» **THE DATA**
- - -
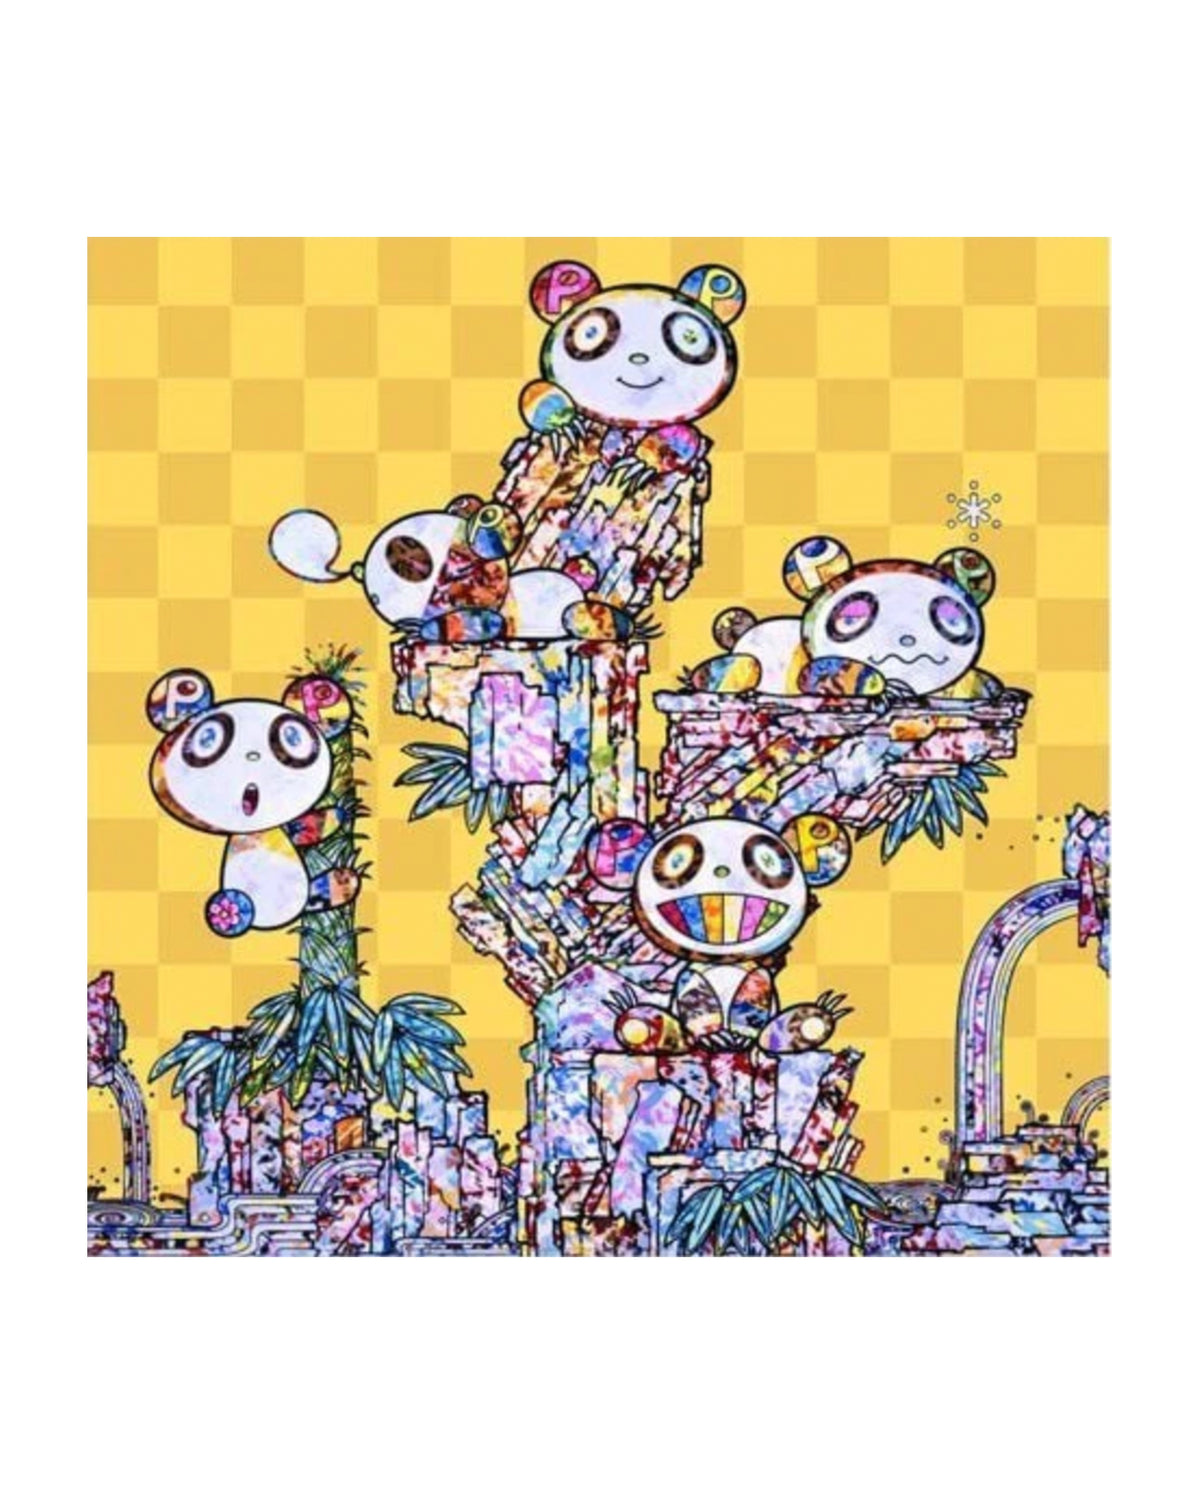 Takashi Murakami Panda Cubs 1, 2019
- - -
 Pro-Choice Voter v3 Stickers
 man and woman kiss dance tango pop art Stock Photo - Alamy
- - -
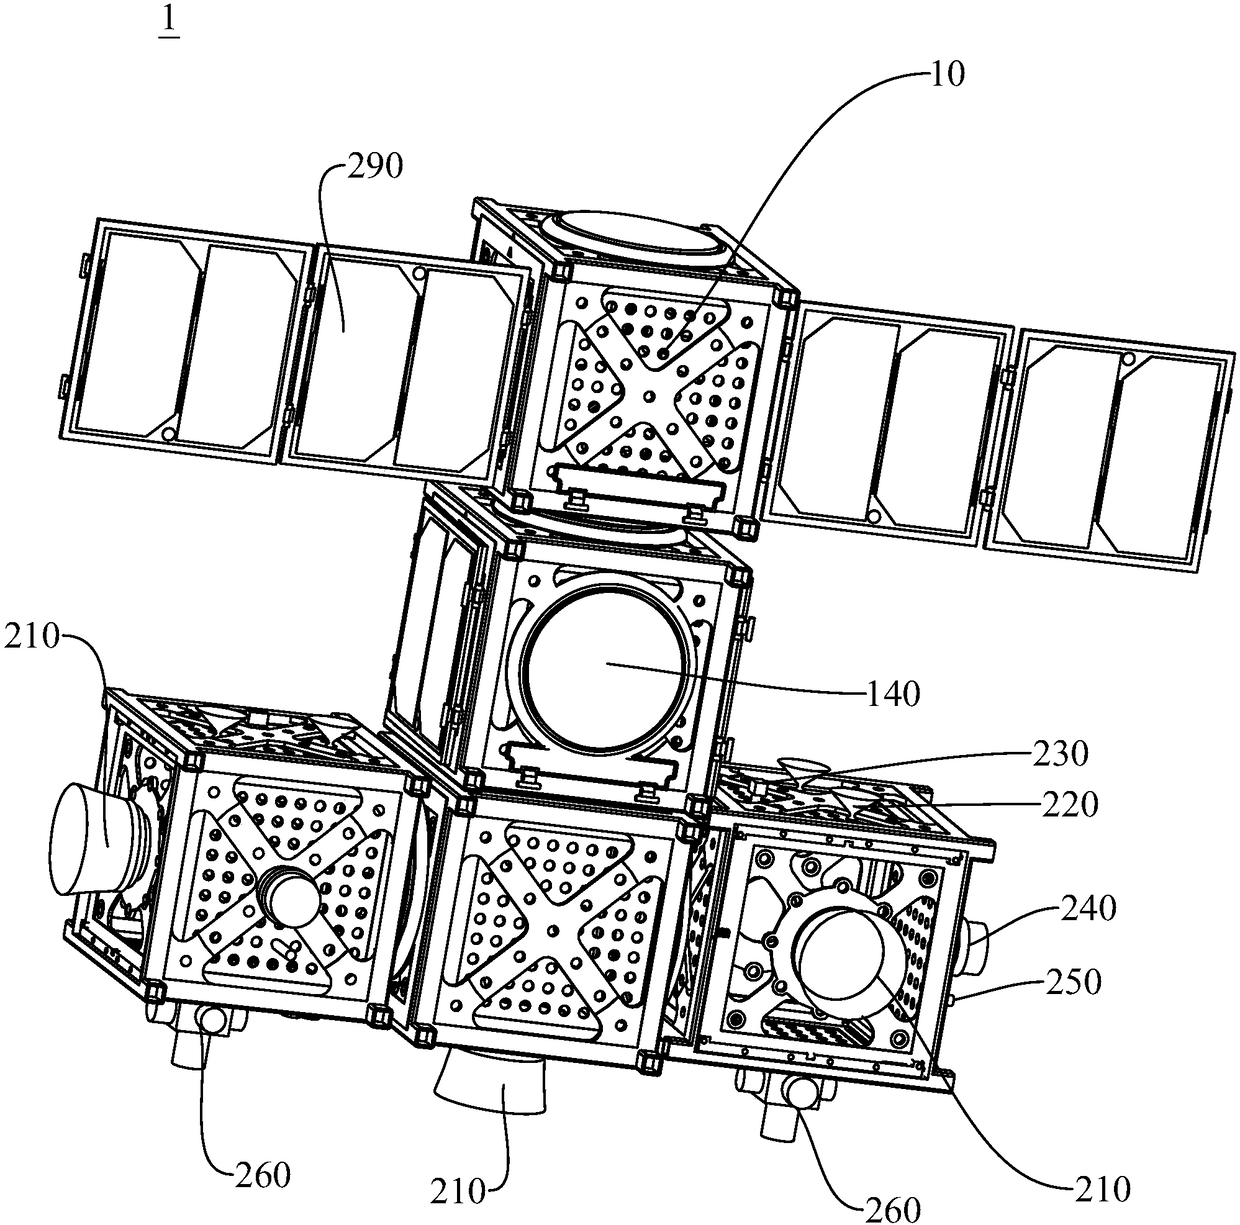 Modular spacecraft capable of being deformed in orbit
- - -
» **EXERCISE GOAL**
Reproduce verbatim the lines above, from the line with "Pro-Choice Voter v3 Stickers" through the line with "man and woman".

» **OUTPUT OF THE TASK**
 Pro-Choice Voter v3 Stickers
 man and woman kiss dance tango pop art Stock Photo - Alamy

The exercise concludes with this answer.